Web Archives That Actually Hold Up
When a regulator, court, or auditor asks you to produce a webpage exactly as it appeared on a specific date, a screenshot isn't enough. PageCrawl captures every detected change as a full, replayable web archive sealed with three independent cryptographic proofs that you can verify without trusting PageCrawl.
Included on Ultimate plans. Optional eIDAS qualified timestamps from a Qualified Trust Service Provider on the EU Trusted List available on Custom plans.
Why a screenshot isn't enough
A screenshot is a single flat image of one moment of the visible viewport. It can be cropped, edited, or generated wholesale by a modern AI model. When the timing or content of a webpage matters legally or commercially, what you actually need is the full page captured as it was, plus independent proof that it existed in that form at that moment in time.
When you need a web archive, not a screenshot
Legal disputes and litigation
When the contents of a public webpage are at issue in a dispute, opposing counsel will challenge anything a party could have created themselves.

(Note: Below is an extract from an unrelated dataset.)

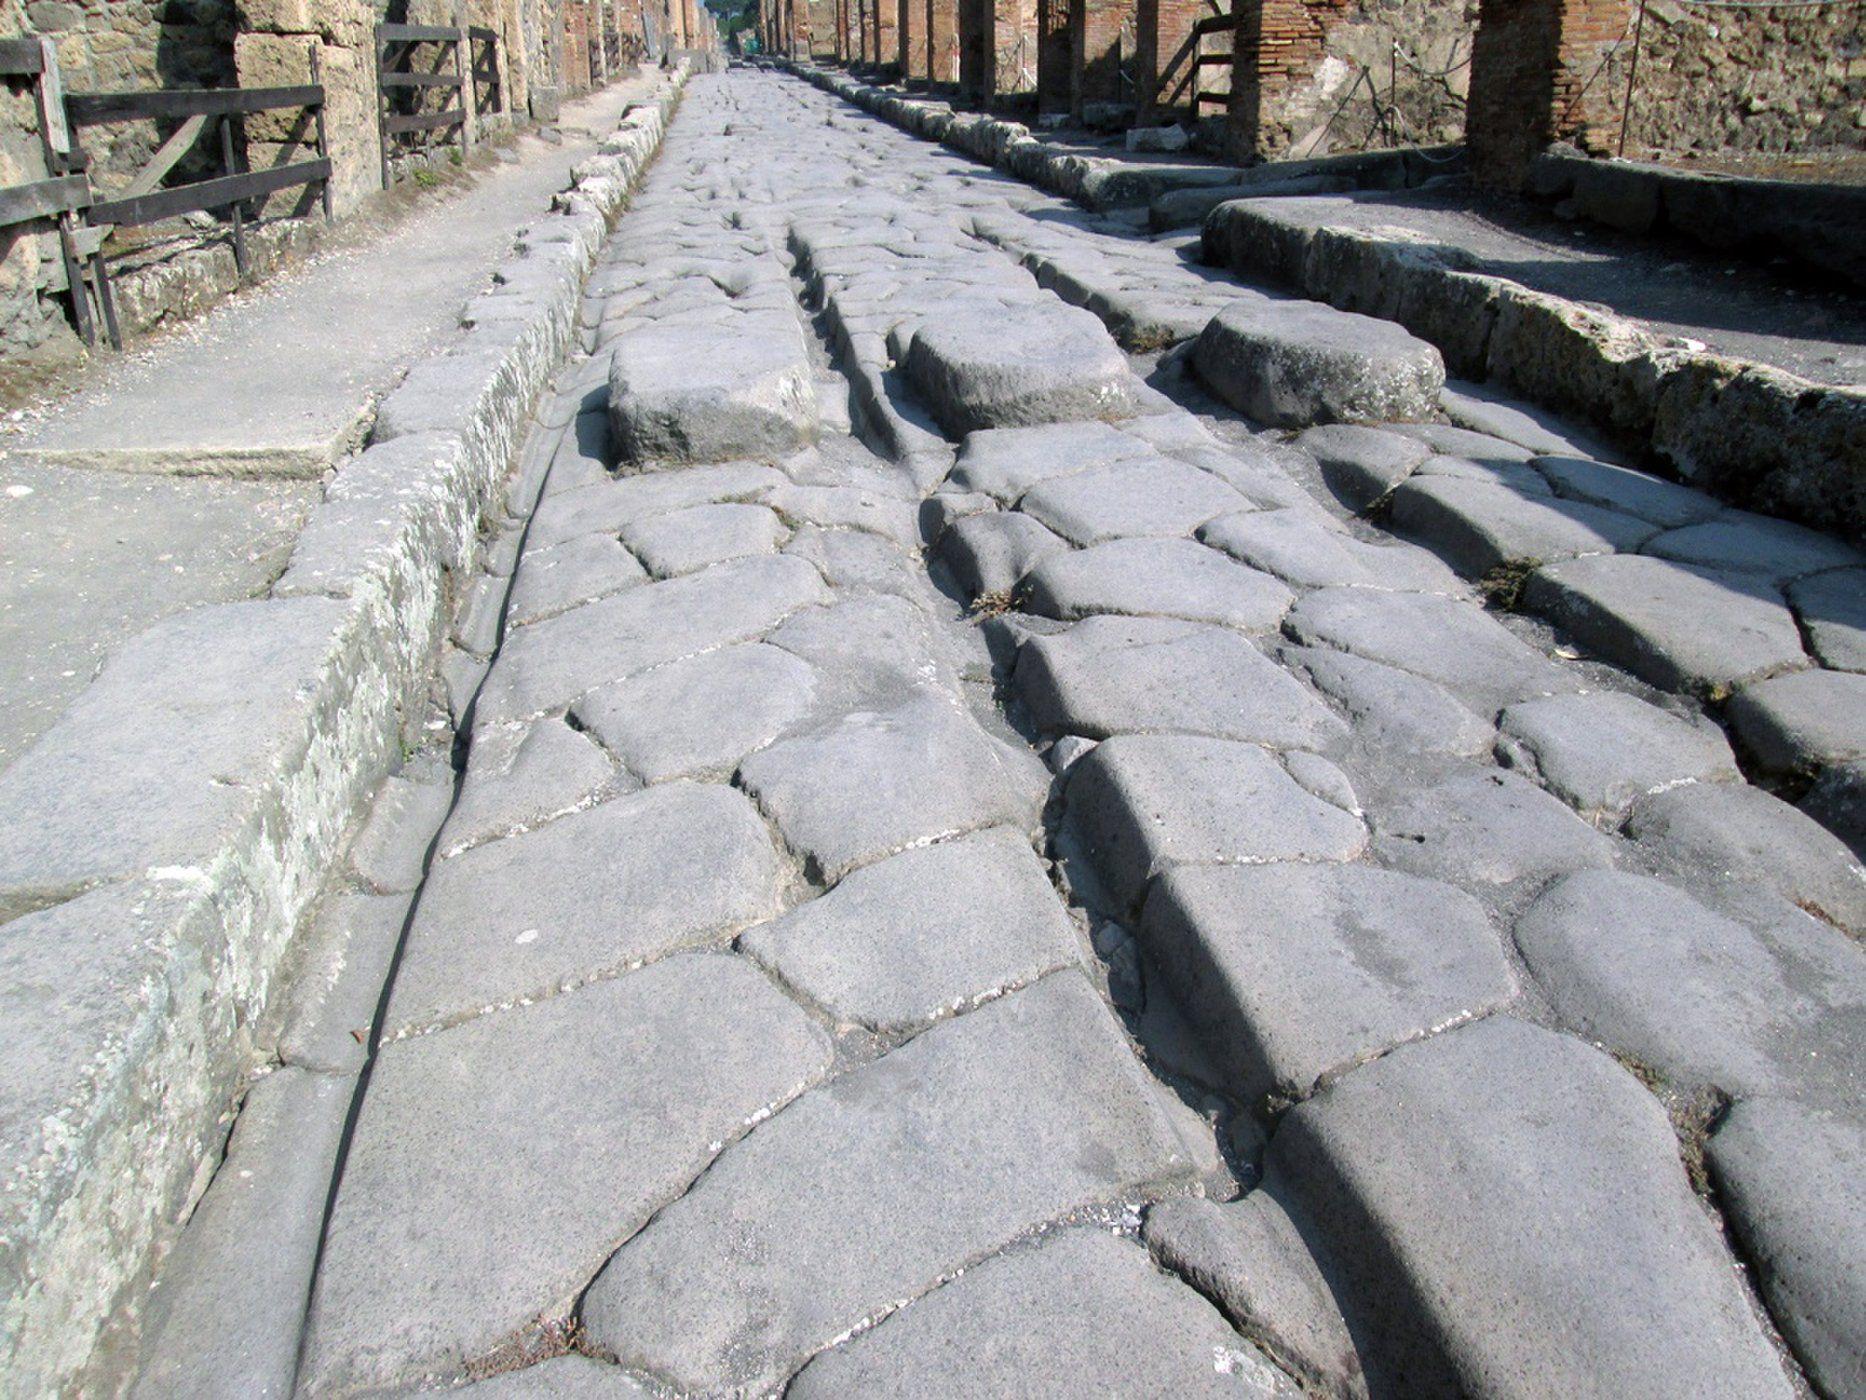 9eb89e4095 Az ókori rómaiak vasat olvaszthattak az úthibák javításához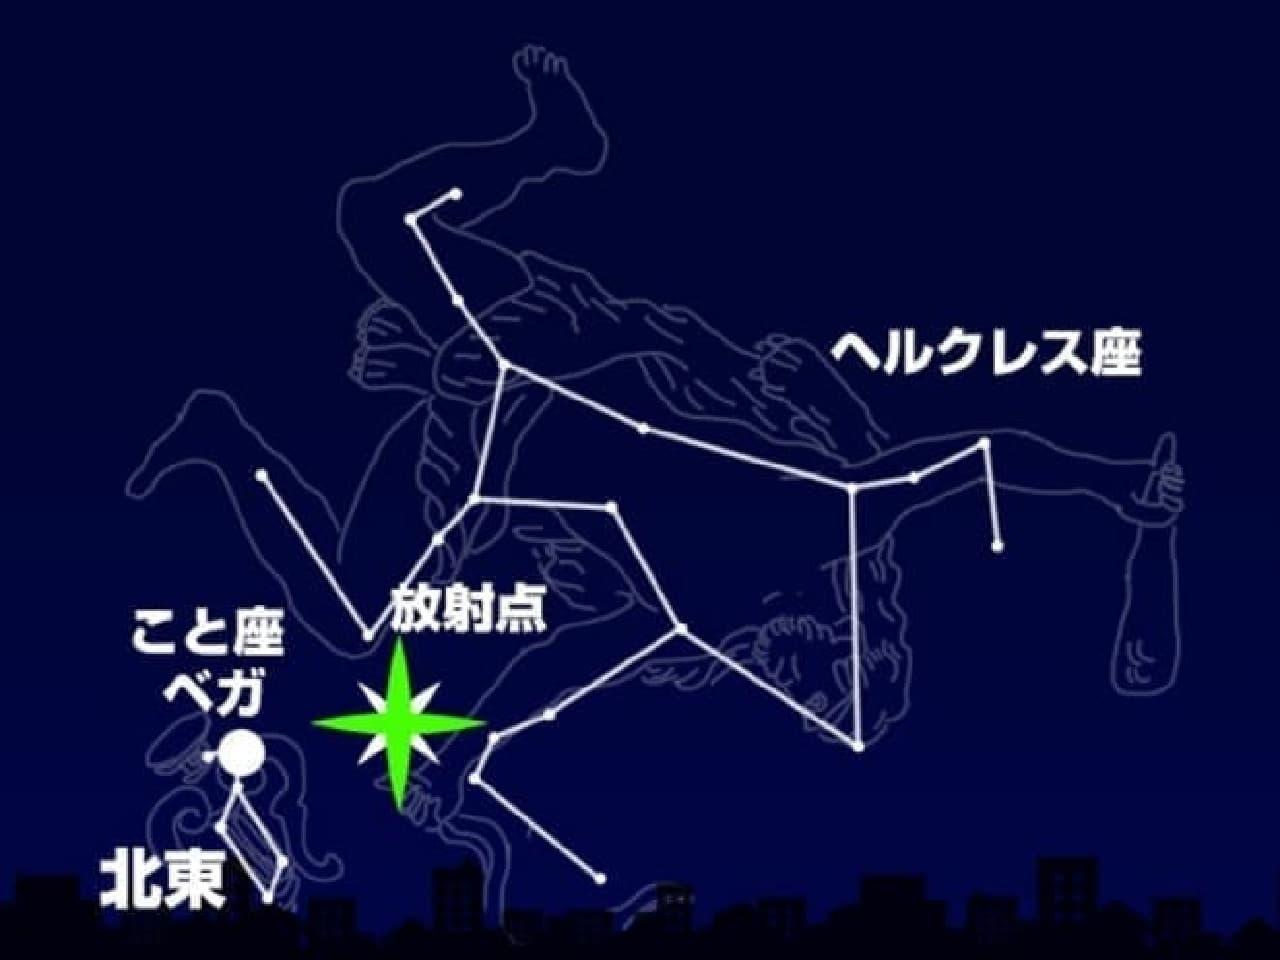 今年は好条件! 「こと座流星群」が、明日(4月22日)夜観測ピーク

An archive sealed by independent providers shifts the question from "do we believe you" to "verify it yourself".
Regulatory inspections
Compliance regimes (SEC 17a-4, FDA 21 CFR Part 11, HIPAA, DORA, GDPR) increasingly expect tamper-evident records of public-facing content with provable timestamps. Screenshots filed in a folder don't meet that bar; cryptographic proofs do.
Anti-fraud and brand protection
Capturing a fraudulent landing page, a counterfeit listing, or a brand impersonation site as a sealed archive at the moment of detection means the evidence remains usable even after the offending site is taken down or altered.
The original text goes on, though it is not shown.